Chitta wires compact_context into the PreCompact hook automatically. When Claude Code is about to compact the conversation, chitta:

1

Parses the transcript JSONL

Converts the last 60 user/assistant turns into a messages array.

2

Calls compact_context

Scores all turns via the memory graph. Uses the pre-compact session snapshot as the query to bias scoring toward what’s contextually important.

3

Stores a compaction episode

Saves token stats as an episode memory: “48200→18600 tokens, 61% dropped as memory-covered”. The soul tracks its own compaction history.

4

Continues with distillation

The existing distill_trigger pipeline then extracts wisdom from the surviving turns before the window closes.

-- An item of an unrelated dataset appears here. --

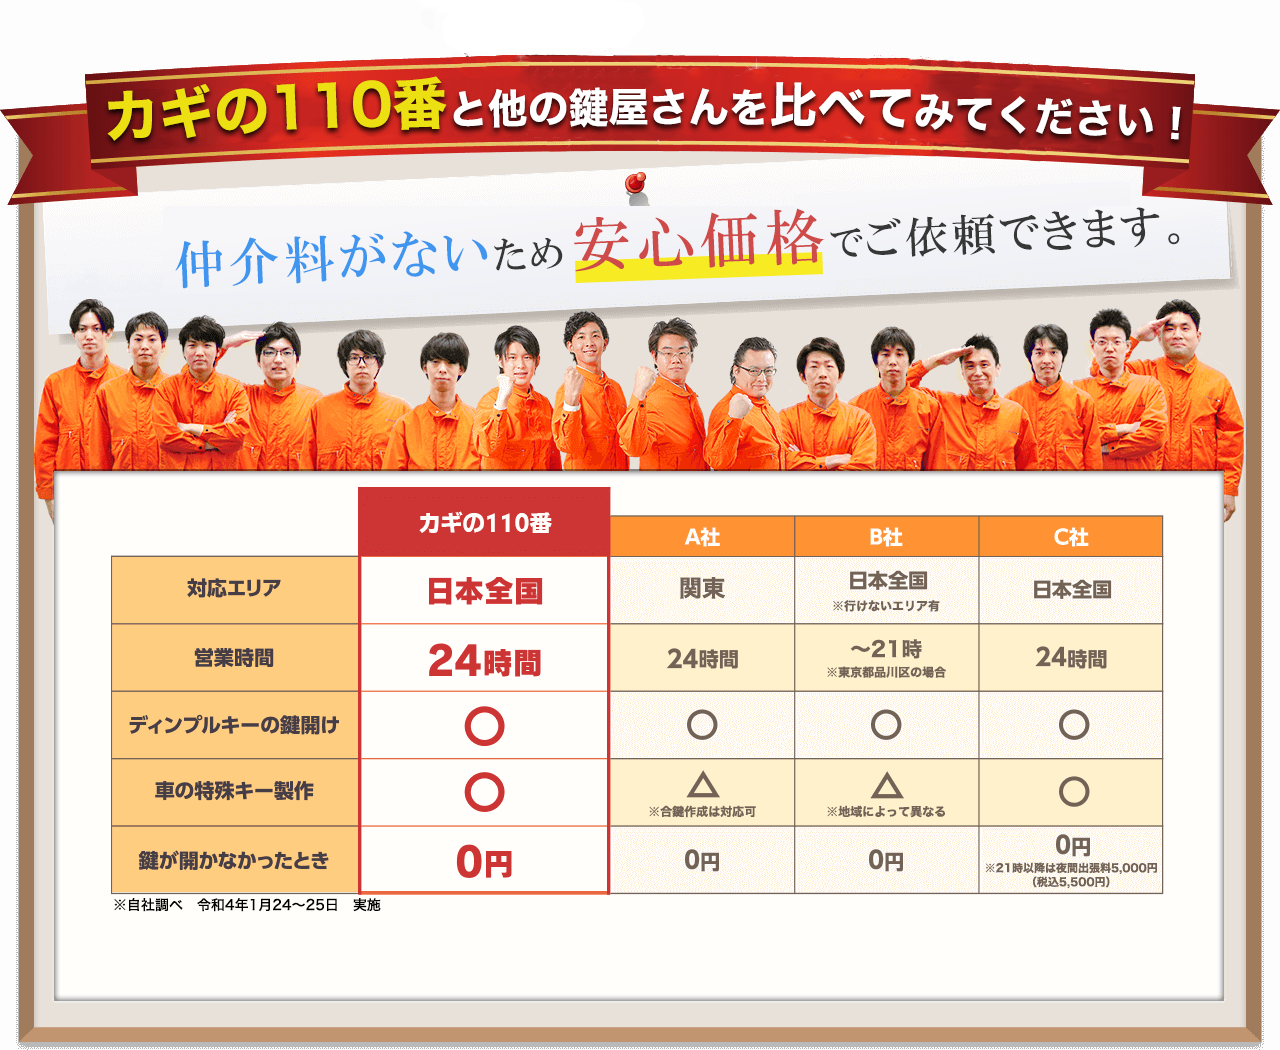 株式会社 カギの110番はご利用シェア日本一の鍵屋です。※楽天リサーチ調べ。

You can also trigger compaction manually from any hook or script:

# In UserPromptSubmit hook — compact before long-session turns
MESSAGES=$(jq -sc '[.[] | select(.type=="user" or .type=="assistant") | ...] | .[-60:]' "$TRANSCRIPT_PATH")
echo "{\"jsonrpc\":\"2.0\",\"id\":1,\"method\":\"tools/call\",\"params\":{\"name\":\"compact_context\",\"arguments\":{\"messages\":$MESSAGES,\"query\":\"$QUERY\",\"target_ratio\":0.4}}}" \
  | chitta

Coming: distill_novel

When distill_novel: true is enabled, turns that score low AND have low memory coverage (novel content not yet in chitta) will be distilled into memories before being dropped. This means nothing is lost — novel knowledge is compressed into the memory graph rather than discarded.

The pipeline becomes: score → detect novel drops → distill to memory → then drop verbatim text. The context shrinks; the soul grows.